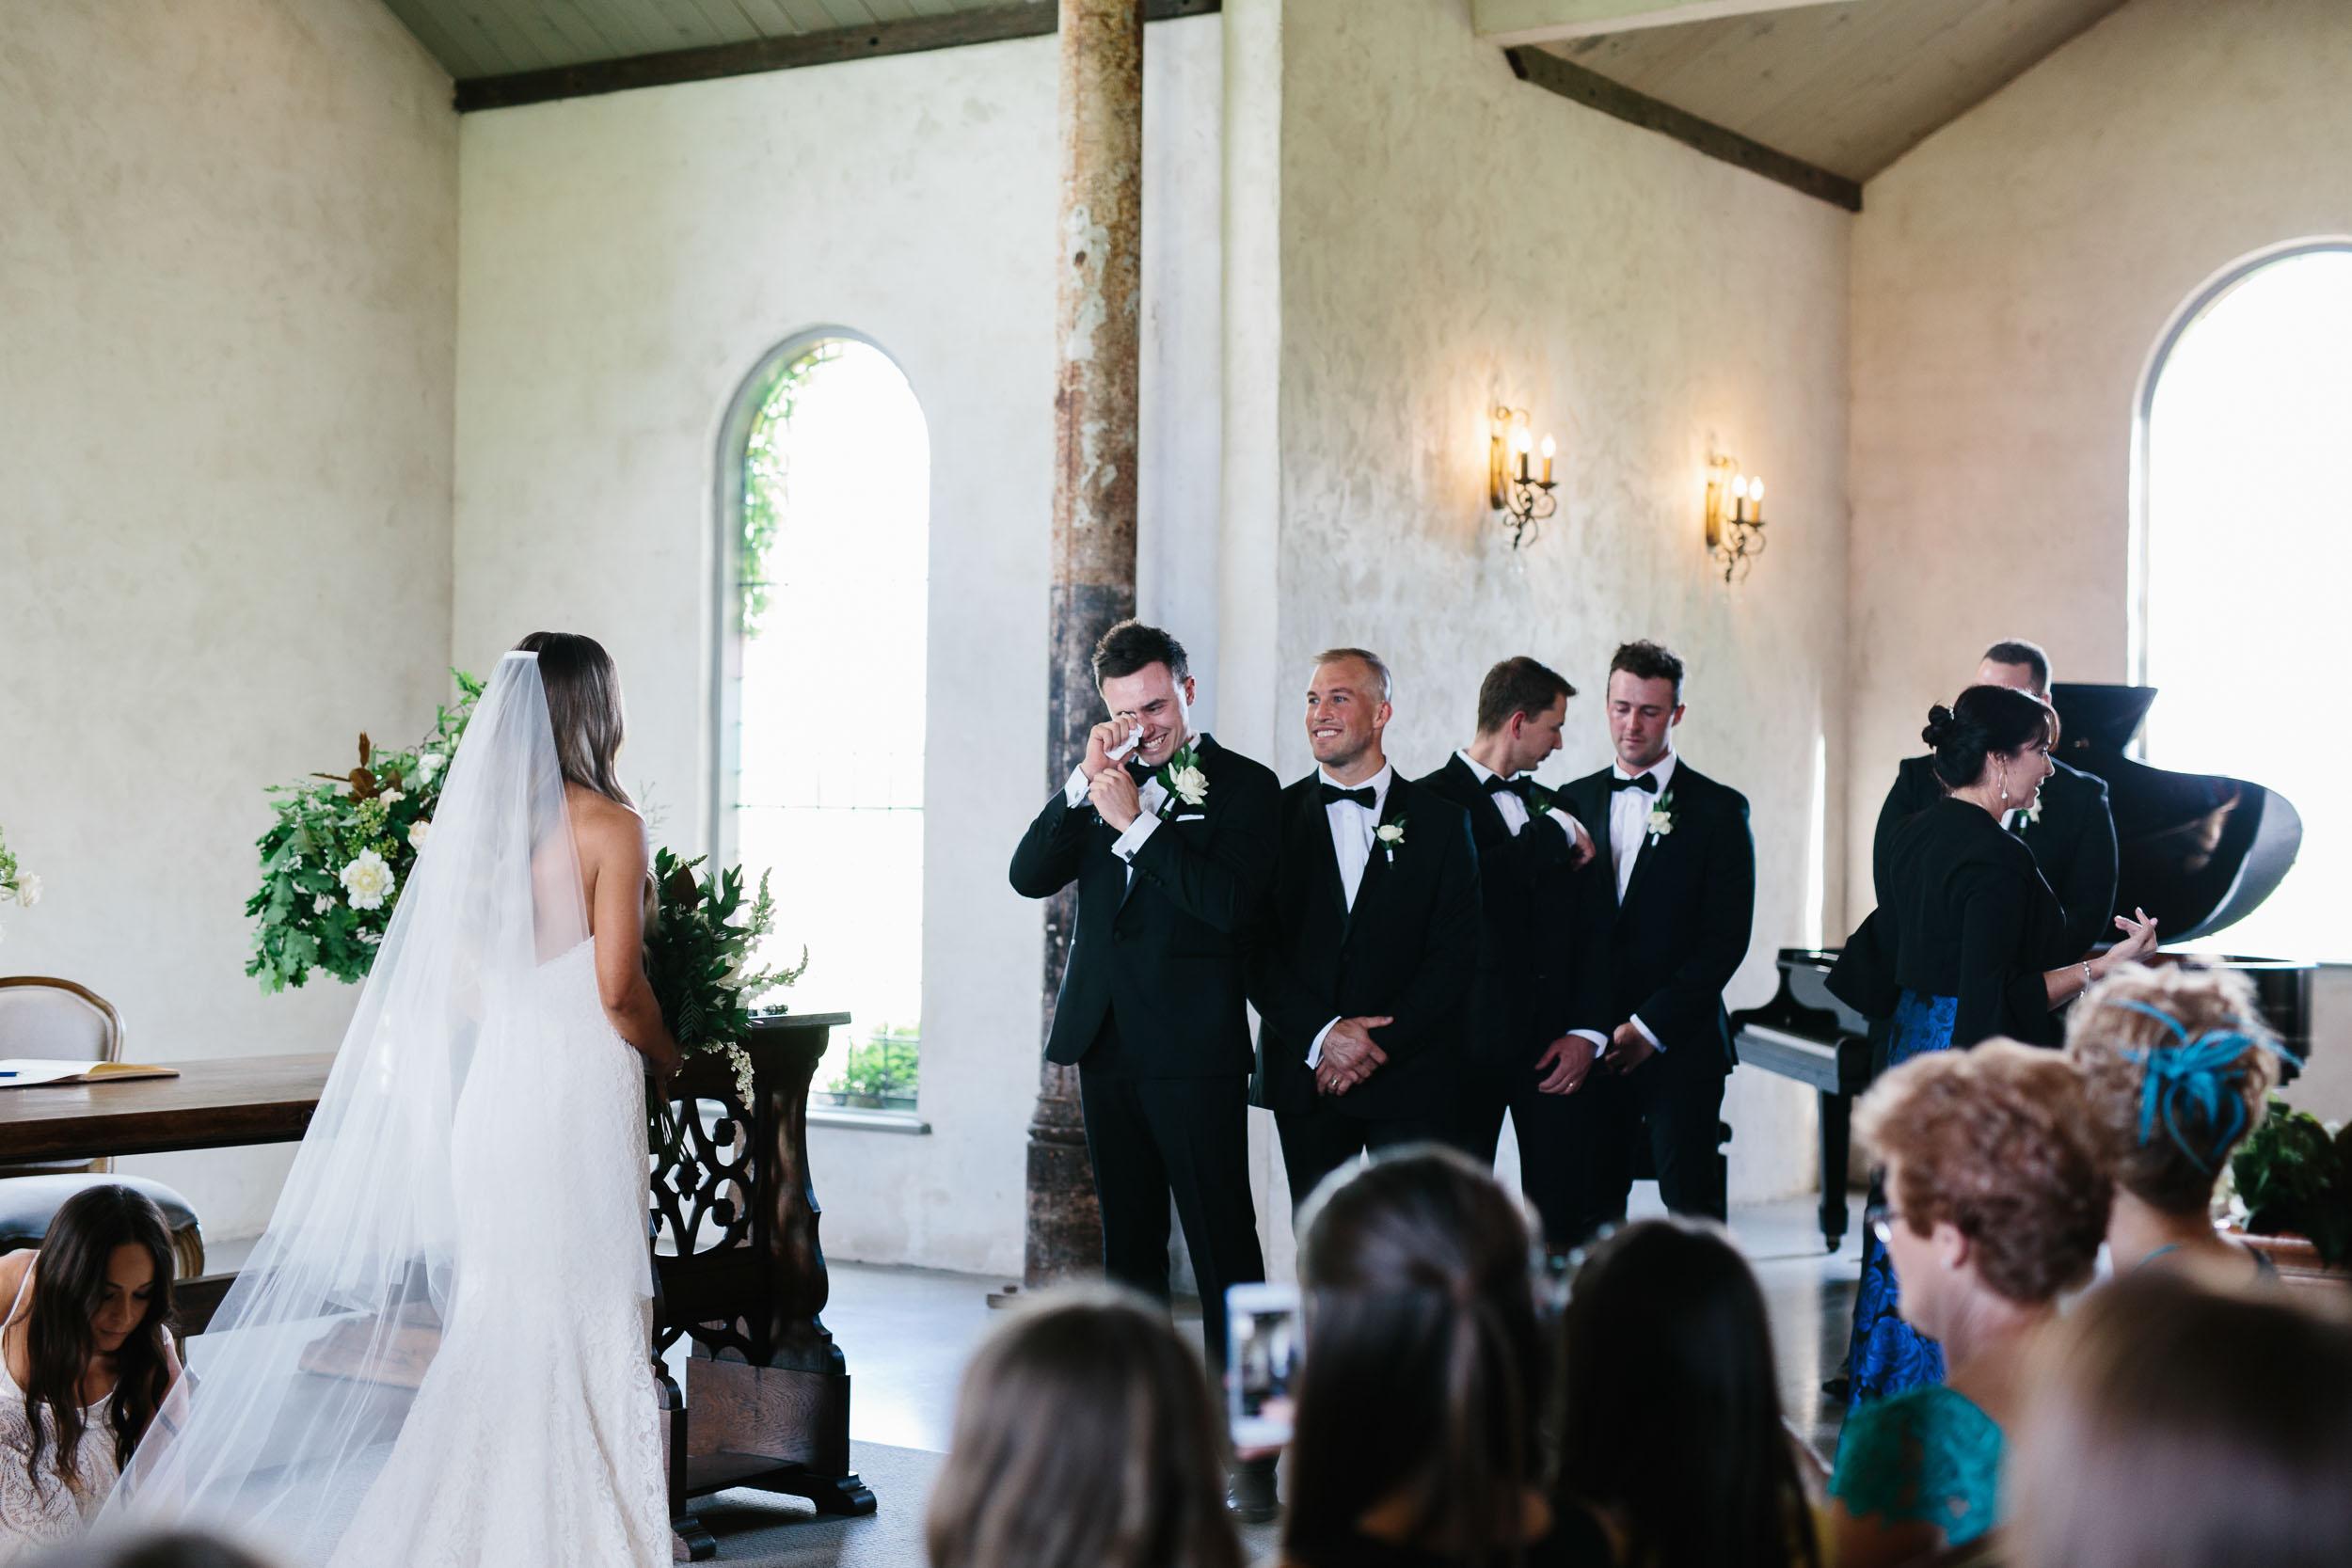 Kas-Richards-Stones-of-the-Yarra-Valley-Wedding-325.jpg
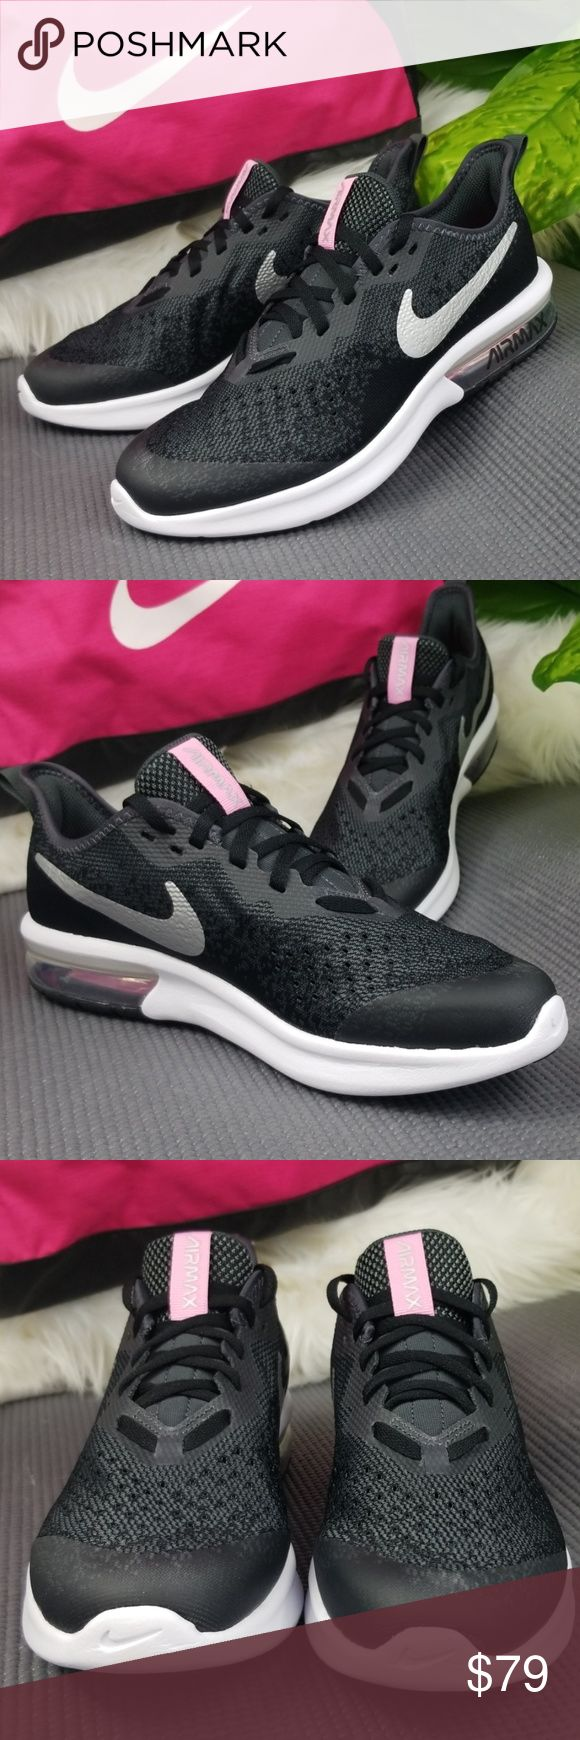 Nike Air Max Sequent 4 Youth/Womens NWT Black nikes
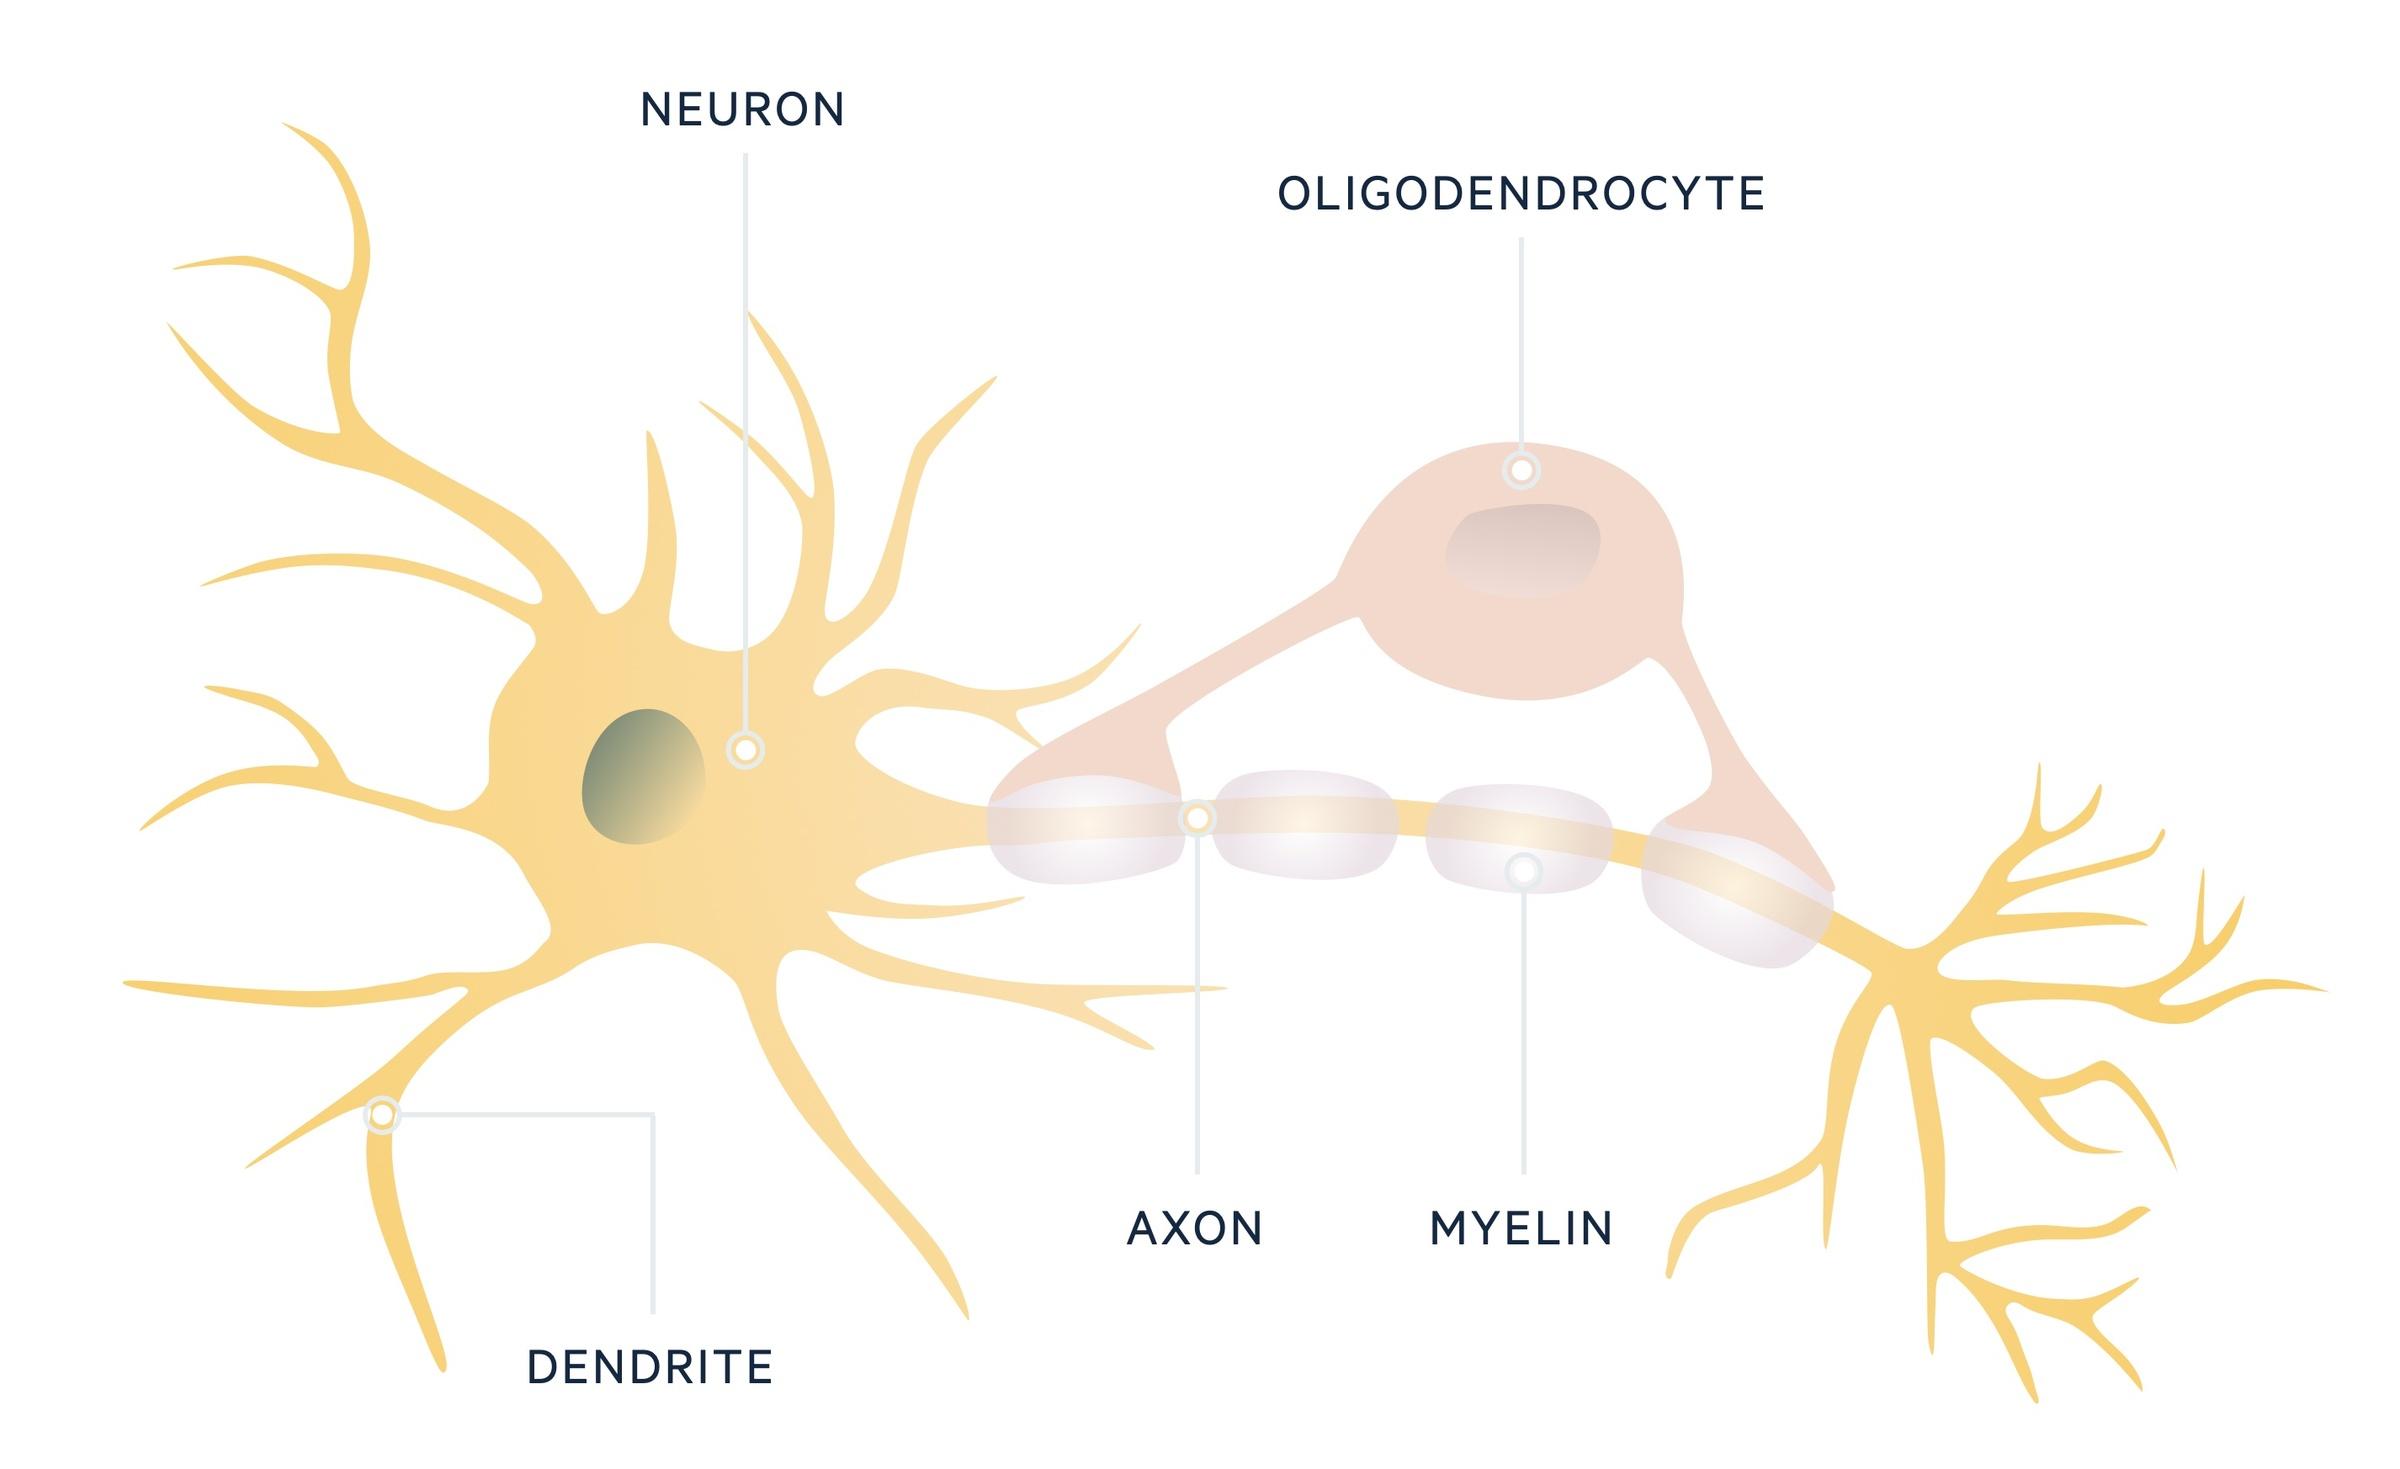 Neuron and oligodendrocyte
- - - -
#### [What you should do]
Copy all the material exactly; omit images.

#### [Answer to this task]
 Kas-Richards-Stones-of-the-Yarra-Valley-Wedding-325.jpg
 Nike Air Max Sequent 4 Youth/Womens NWT Black nikes
 Neuron and oligodendrocyte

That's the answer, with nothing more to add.